All I saw at first was a gray head and a pair of long, lank, veiny legs. The rest of him was blocked by the woman who set alongside his bed and rested her chin on his arm. Such a
private
pose that I flushed and started back, but Hiram's good eye cut our way, and he raised his head a fraction, and the woman jumped to her feet and swung round.

It was Ida. Her hair wrapped like ermine round her neck, her hand already reaching for Hiram's.

“I should be going,” she said.

She give us each a nod as she passed, then vanished into the hallway without a look back.

Which left the three of us stuck in place, awaiting orders from on high. Then Dudley said, “How 'bout I leave you two be?” and ducked out of the room, and it was just us two.

“Don't know as I ever seen your legs before,” I said, circling round the foot of his bed. “Bare nekkid.”

“Ain't they pretty?” he said.

I angled my face a little to the right of him so I wouldn't have to look at him head-on.

“You sound just like Greta Garbo,” he said.

“Like hell I do.”

“Without the accent.”

“You're a liar,” I said. (Though, for a second, he had me wondering.)

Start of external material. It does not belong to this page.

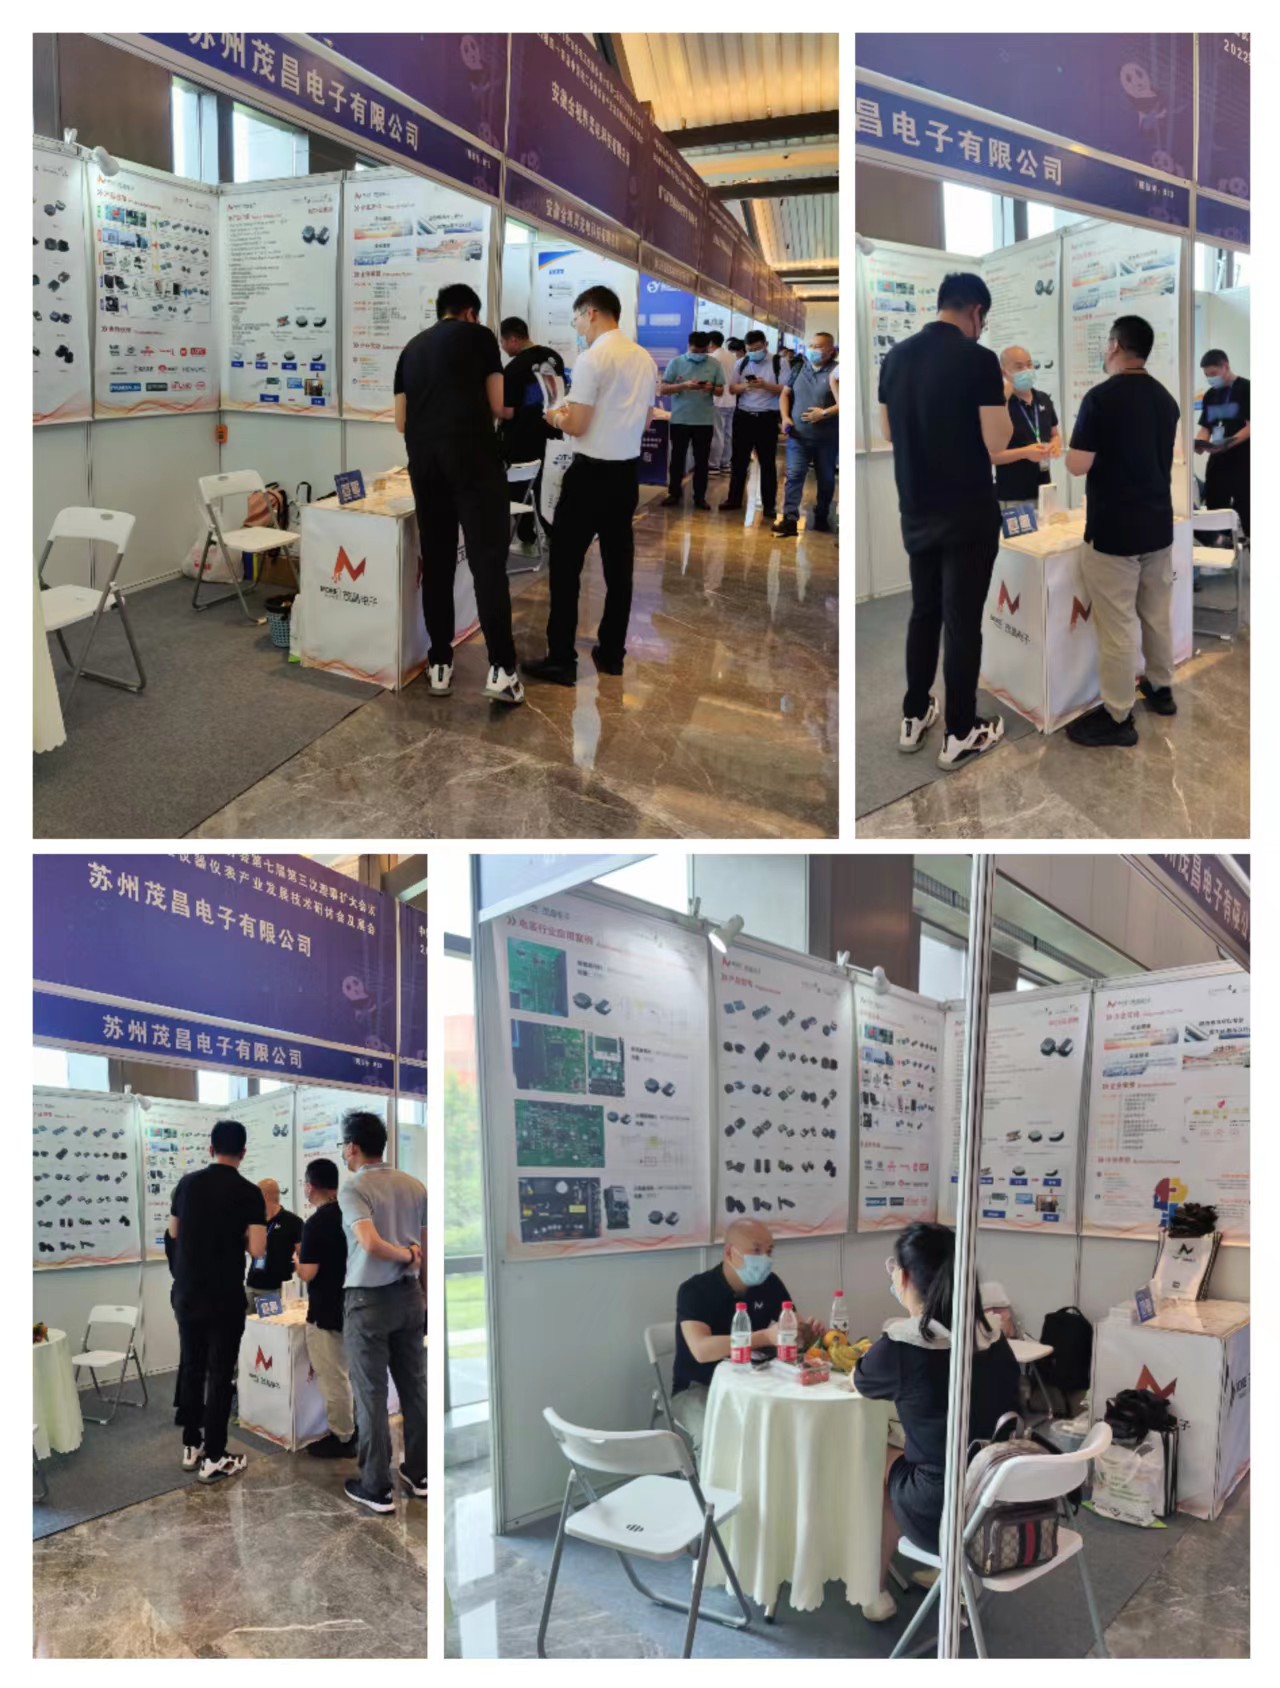 The 44th China Electrical Instrumentation Exhibition

“Everything okay with Ida?” I asked, trying to keep my croak light.

He sheathed his hands cross his forehead. “Ida,” he said, “has got other fish to fry. I believe we've seen the last of her.”

I nodded. Looked down at my hands.

“Listen,” I said. “If the sheriff ever comes and asks you who was—”

“I'm to say it was too dark to see anything.”

“Yeah.”

Lord, it was quiet. Just for company, I found myself staring at the feller three beds down. Who wasn't even bestirring himself now 'cept to cough.

“You'll have to forgive me,” said Hiram.

“What the hell for?”

“I didn't play it smart, Amelia. I saw the fire go up and I went
running
at it. Without a thought. Fish in a barrel.”

I come round the side of his bed, took his dry hand in mine. “Point is we survived.”

“Brenda's Oasis didn't.”

“Aw,” I said. “Who needs that dump anyway? Always more trouble than it was worth.”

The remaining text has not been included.